24 July 2016

DARPA releases details on spectrum challenge

July 20, 2016 

The Defense Advanced Research Projects Agency has released information concerning its innovative challenge to help alleviate the electromagnetic spectrum.

The Spectrum Collaboration Challenge, announced in March with an eye toward ensuring military and civilian wireless devices will have unfettered access to the increasingly crowded and finite electromagnetic spectrum, will involve three year-long phases that begin in 2017. Teams that make it past the two preliminary events will mark the culmination of a championship event in 2019. A grand prize of $2 million is up for grabs for the team with the best software-defined radio solution that collaborates most effectively with a diversity of simultaneously operating radios in a manner that optimizes spectrum usage for the entire communicating ensemble, DARPA said in a release. Second place will walk away with $1 million and third $750,000.

The spectrum is finite, and many have been concerned that with the increasing amount of devices being introduced both in the military and civilian space, there will not be enough room for the government to perform essential tasks, such as national security, that rely on the EMS. “What I worry about right now is that the private demand for spectrum is going to exceed our ability to keep pace. We could, if we’re not careful, put some national systems at risk,” DoD CIO Terry Halvorsen told Congress in March.

“We want to radically accelerate the development of machine-learning technologies and strategies that will allow on-the-fly sharing of spectrum at machine timescales,” said Paul Tilghman, program manager for SC2.

DARPA released a pair of broad agency announcements on the FedBizOpps contracting website July 19 that outline program participation and information. The first notes two tracks participants can enter; participants in the proposal track will enter into a funded contract with DARPA while the open track will welcome a wide range of participants such as commercial companies, startups, universities, or even hackers, most of which have not partnered with DARPA previously. Teams in the open track must pass entrance hurdles demonstrating skills in software-defined radio and artificial intelligence techniques to secure a spot in the challenge. DARPA noted that participants in each track will be treated identically.

The second notice provides details on architectural needs for the completion that include scoring methodology, scenario development testing competitors’ collaborative strategies and tactics.

“I am very excited about agile spectral use in the future and ways we can start to think about the technologies that will help shift not just the military sector but maybe on someday the commercial sector to be much more efficient users of spectrum,” Stephen Welby, assistant secretary of defense for research and engineering, told Congress in April.

Welby also expressed his excitement for DARPA’s effort in this space referencing the challenge. “I am enormously excited about the initiatives that DARPA has started here in the last two weeks to set up prizes associated with very novel use of the spectrum … to think about new ways that we can architect our commercial and military systems to be really efficient users locally, regionally and globally to make the most use of the spectrum we have.”

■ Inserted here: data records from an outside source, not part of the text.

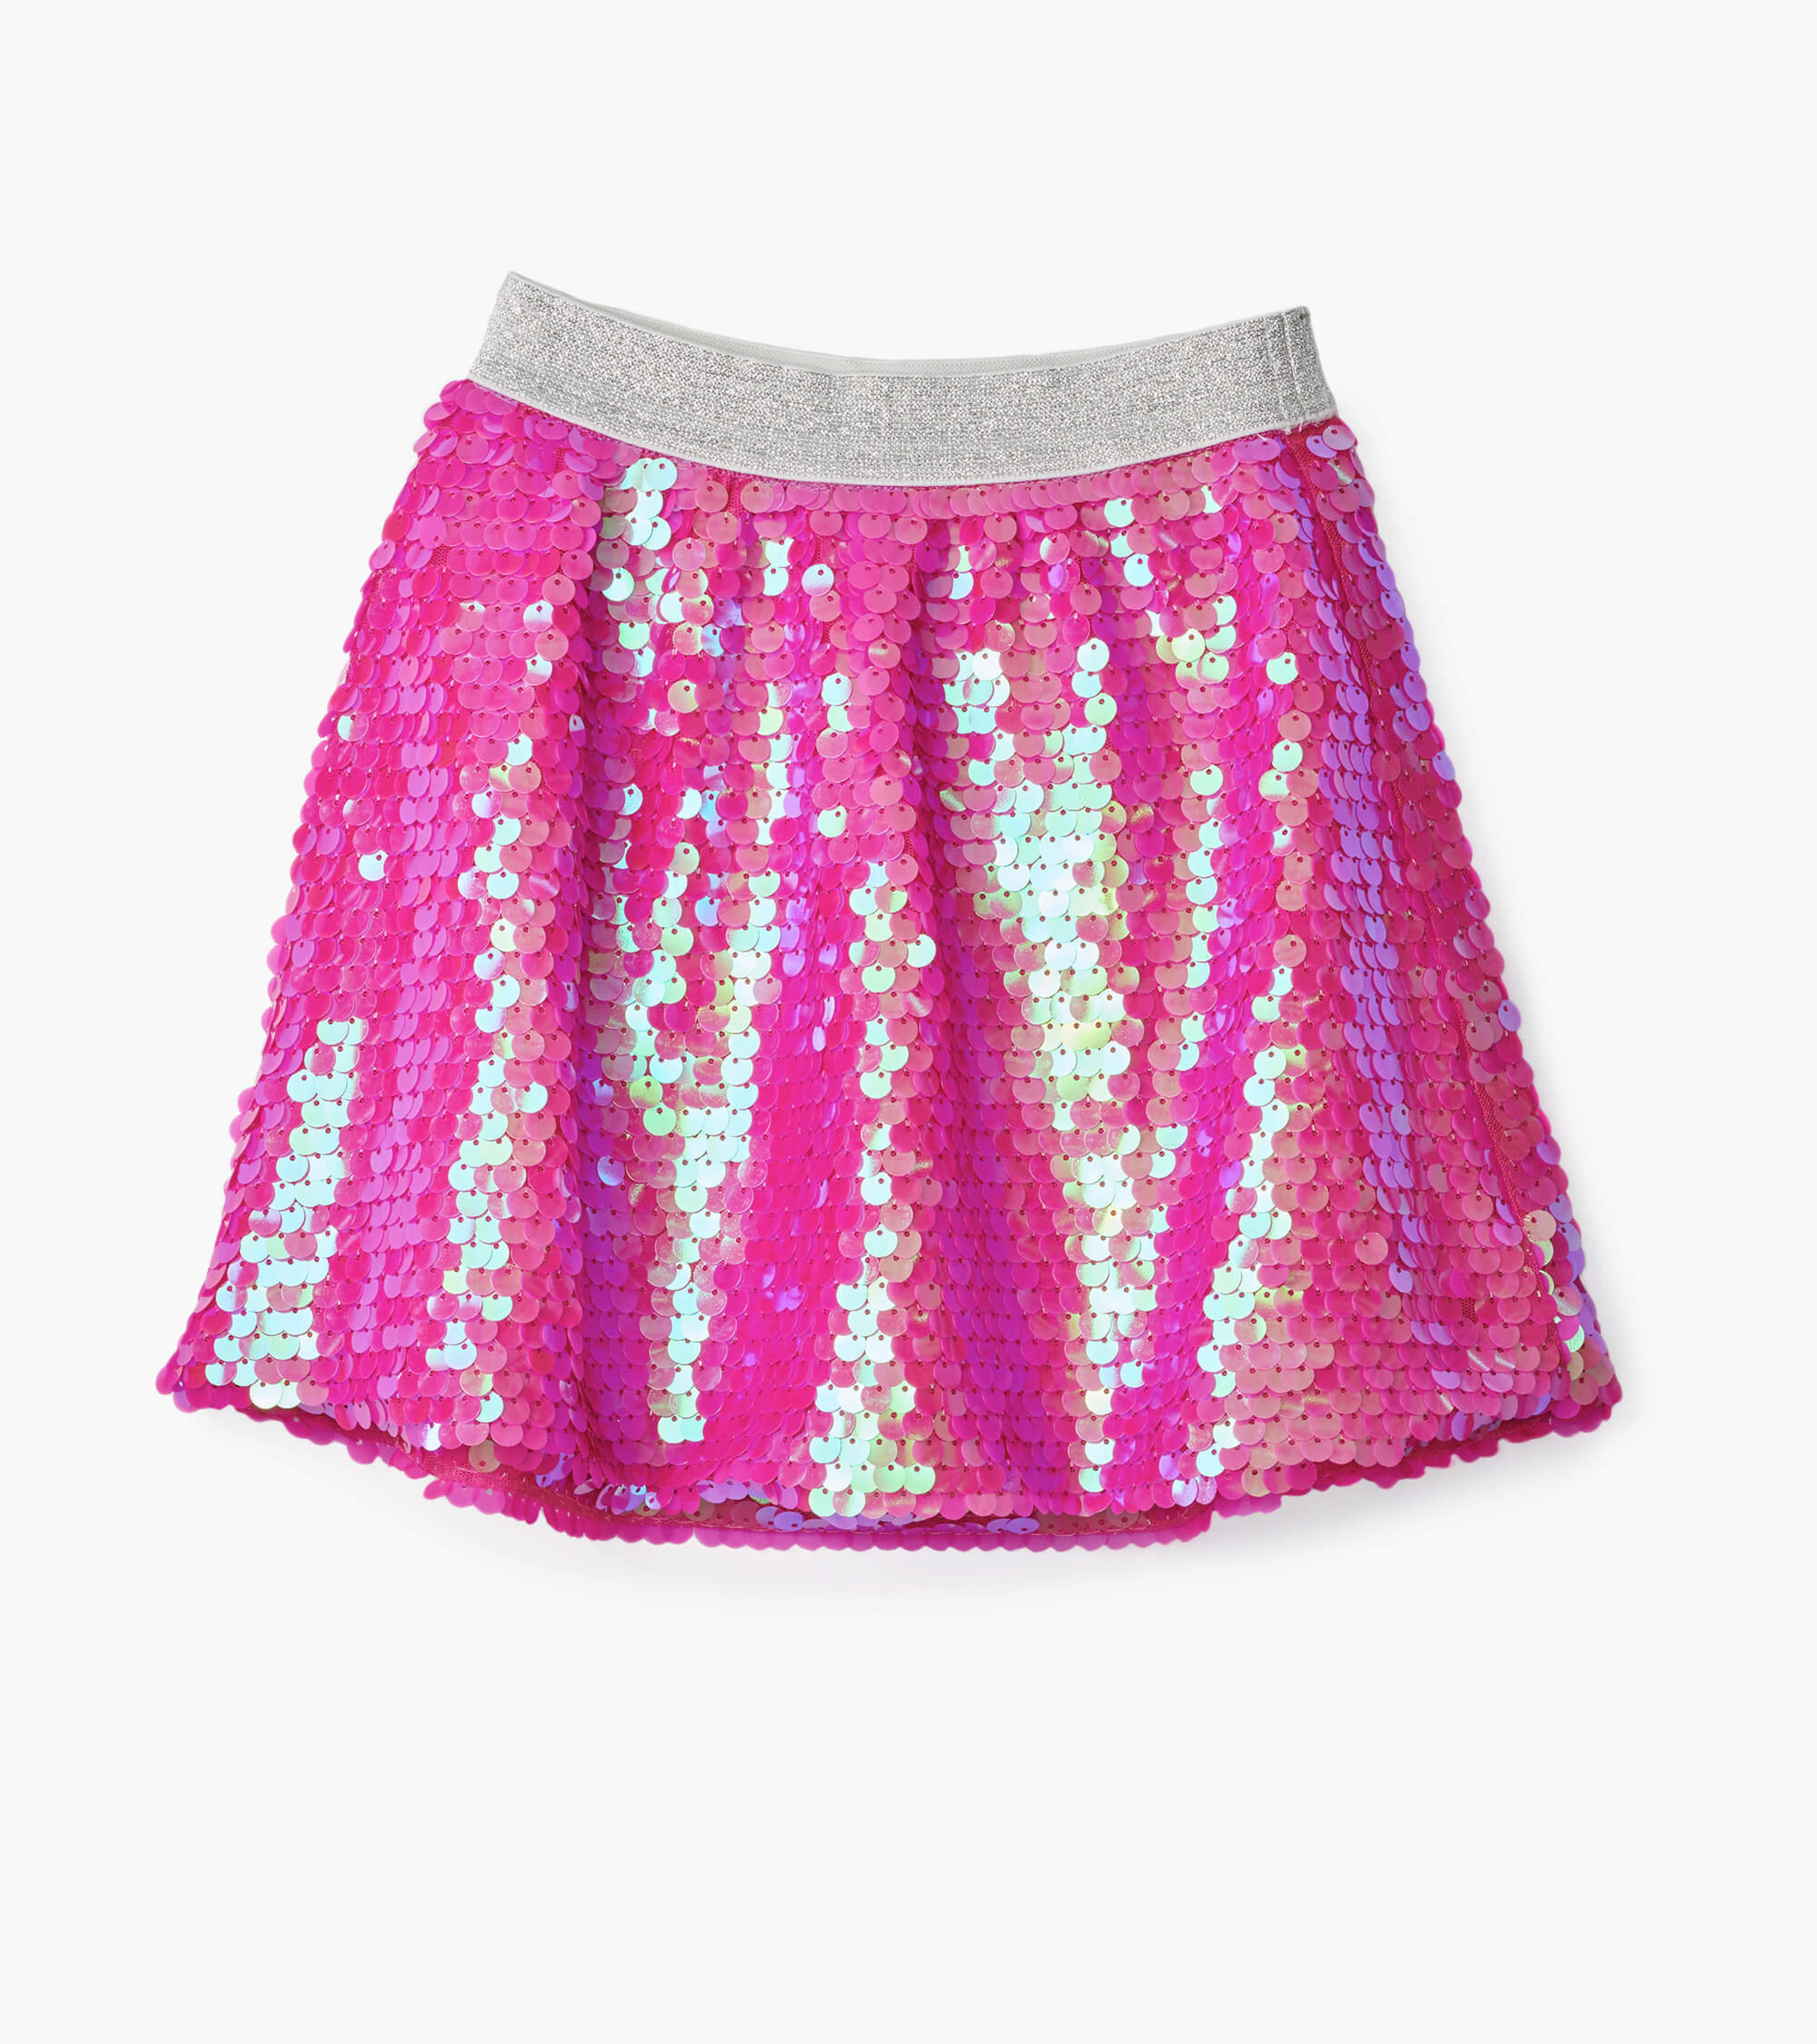 Comorama Fitness sandsynlighed Pink Shimmer Sequin Skirt - Hatley US
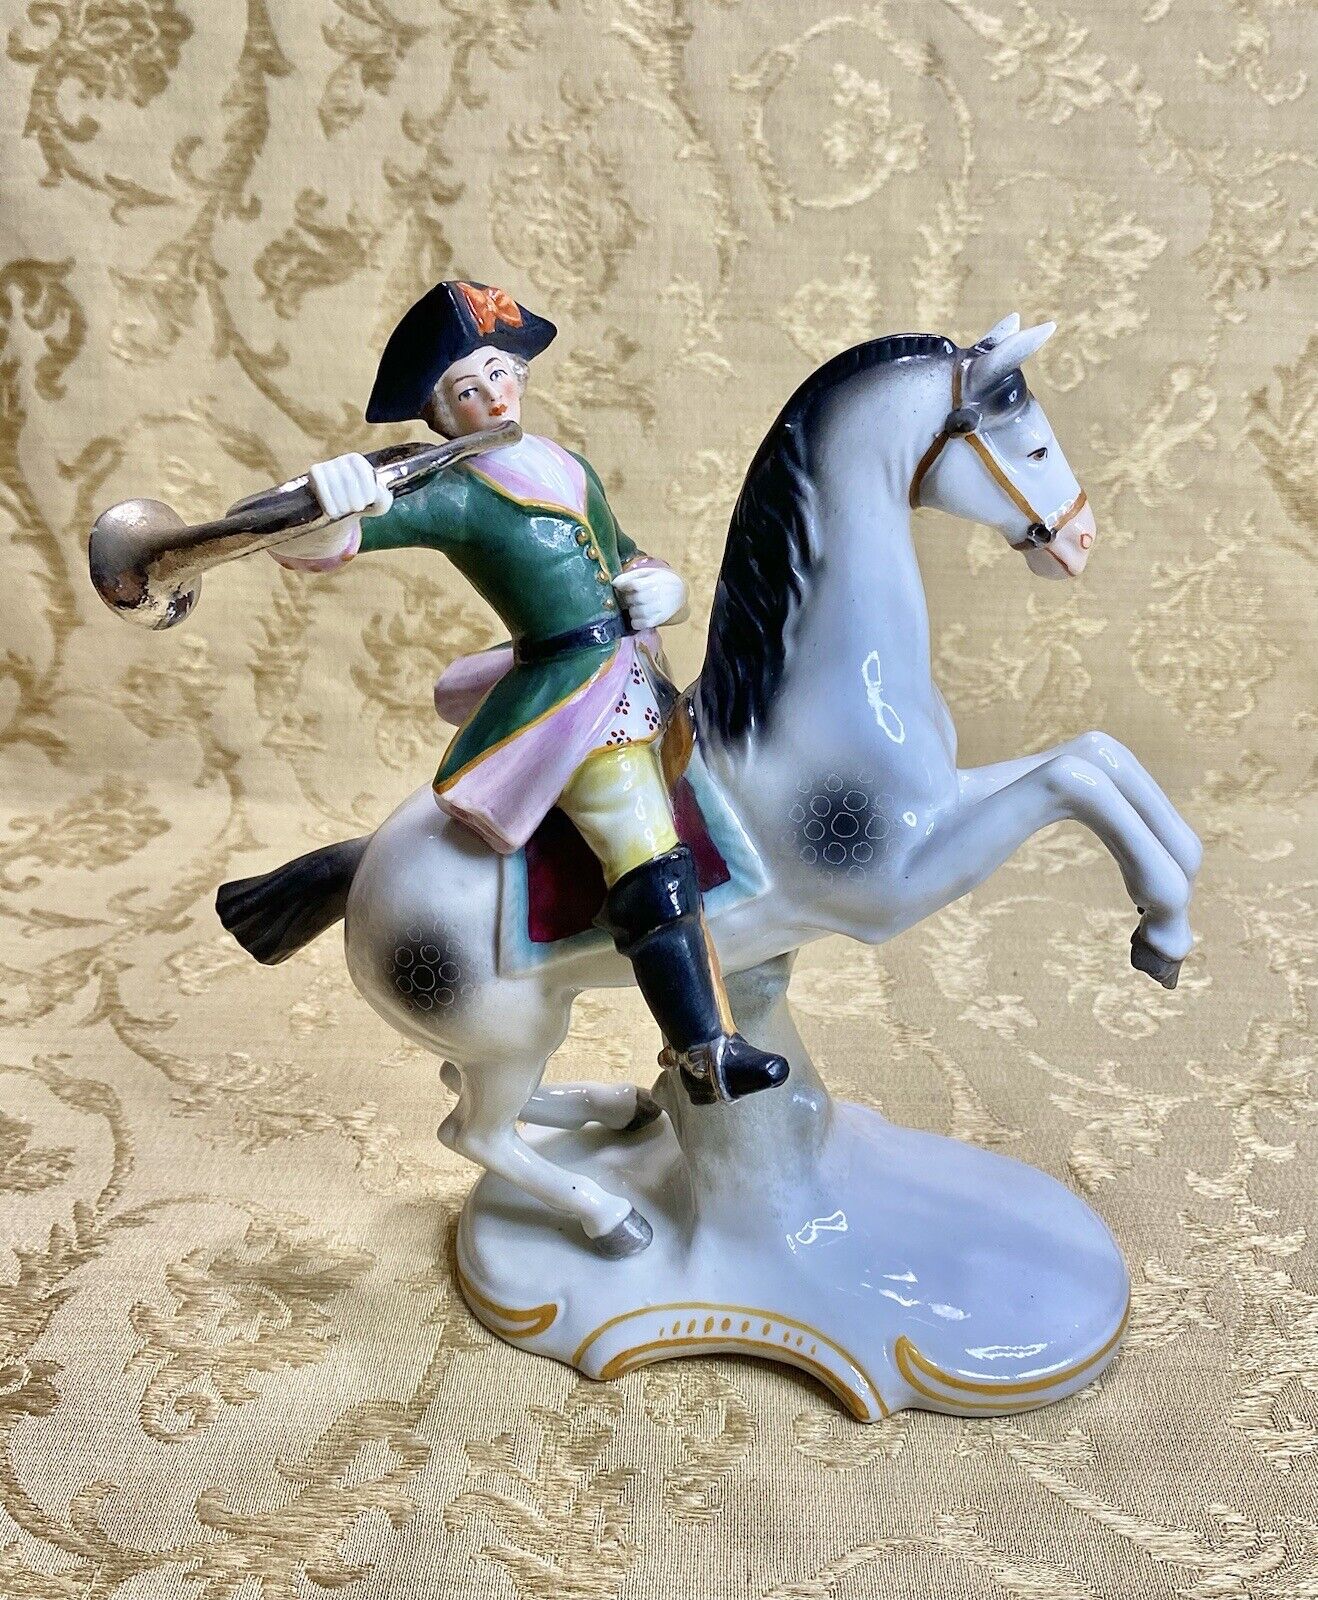 Scheibe Alsbach Dresden Sitzendorf Germany Antique Figurine Soldier On Horse
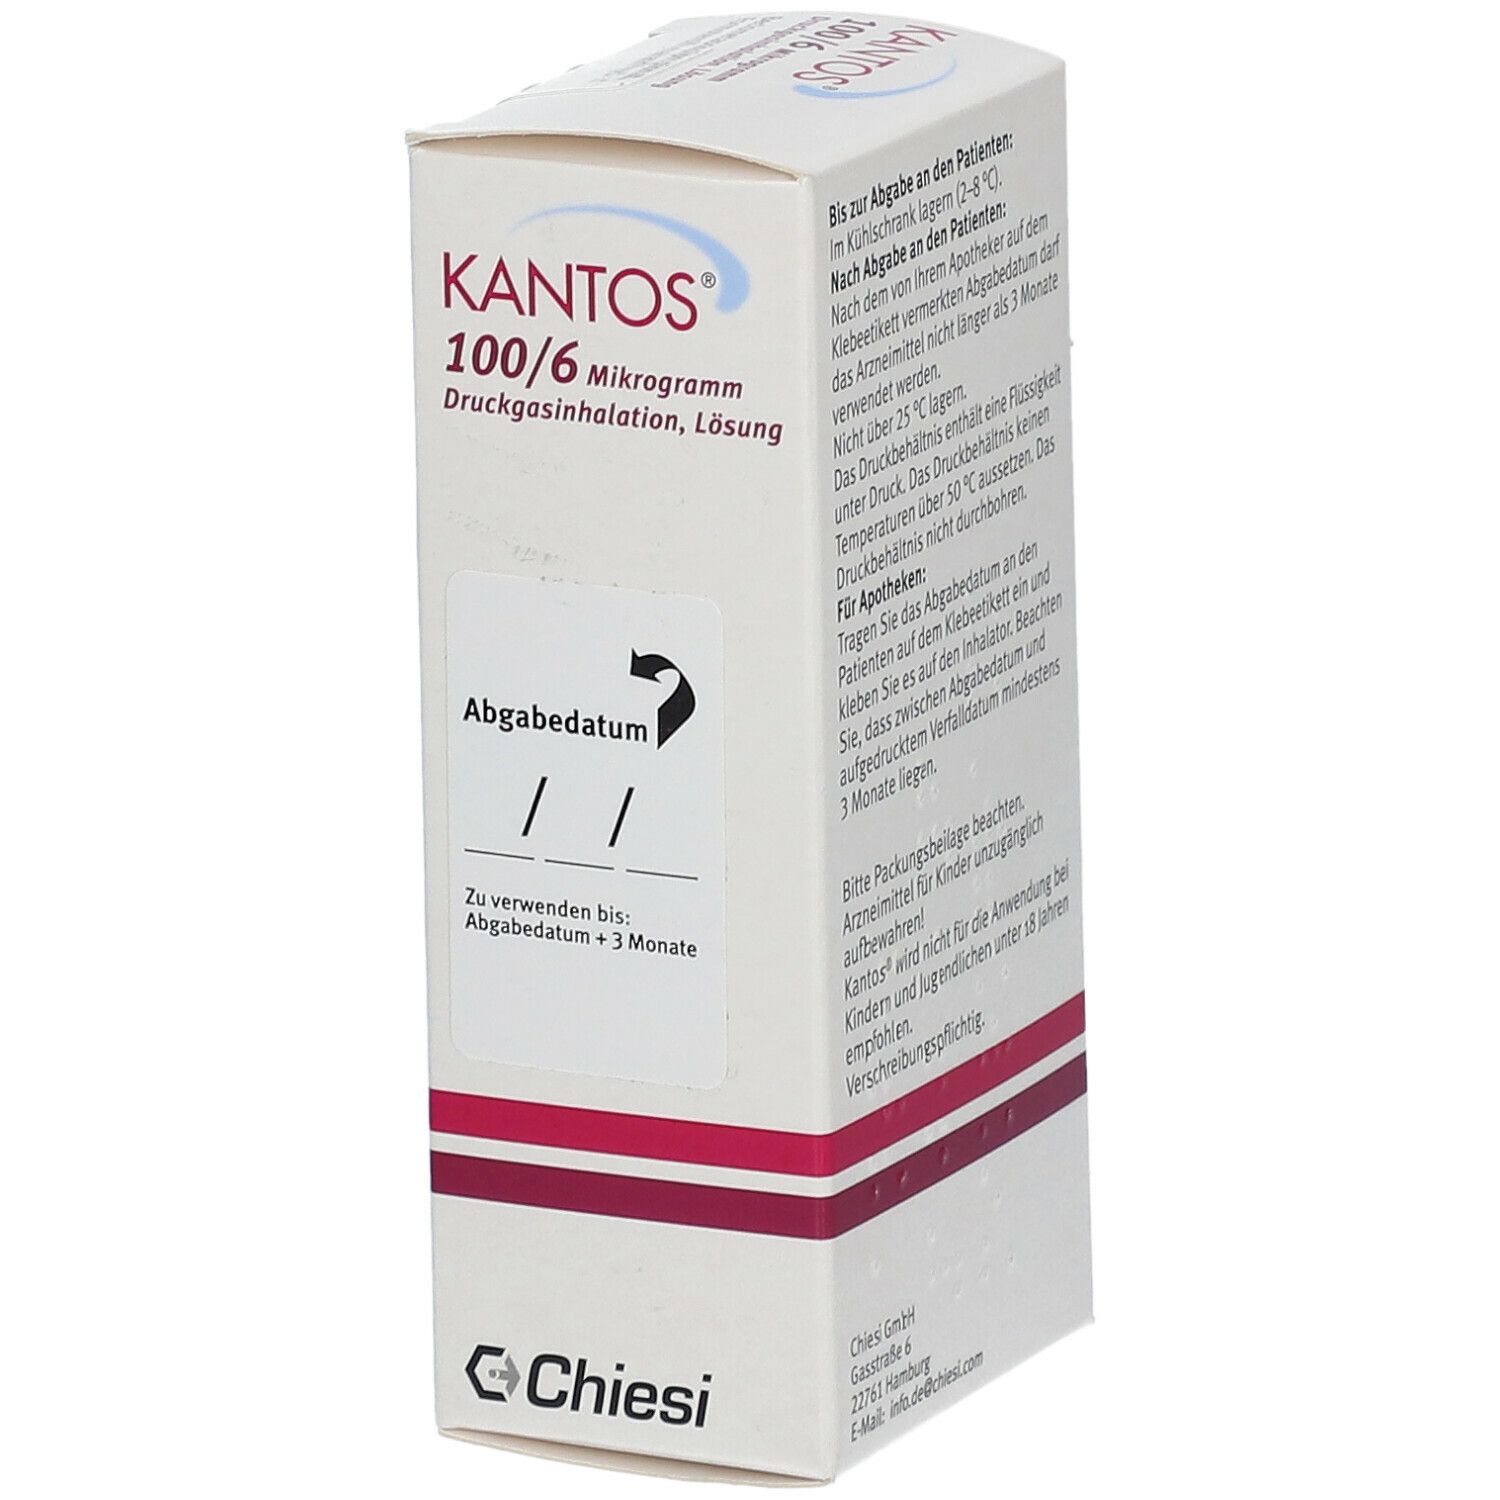 KANTOS® 100 µg/6 µg

Spectrum operations have become so critical for DoD that leadership has considered making it the 6th operational domain of warfare along with air, land, sea, space, and most recently, cyber. Breaking Defense reported late last year that Halvorsen’s office will be “’the Departmental lead for these efforts’ to explore a wide range of policy options for the electromagnetic spectrum, ‘to include the potential recognition of the EMS as a domain.’”

Noting that the spectrum must be auctioned off and shared with civilian partners, Maj Gen Sandra Finan, deputy CIO, C4 and information infrastructure, capabilities, at the Pentagon, echoed the sentiments of many that the department must be adaptive in its spectrum use. She also seconded Halvorsen that EMS should be an operational domain.

“I think that spectrum operations are so important that we ought to look at declaring the Electromagnetic Spectrum a domain because we are going to be operating offensively and defensively across that domain,” she said at the AFCEA Defensive Cyber Operations Symposium in Washington in April. “So I think that’s one of the most important things that we can see in the future.”

DARPA said it has also posted a special notice with details on competitor information as well as proposers days in August to answer questions of potential participants.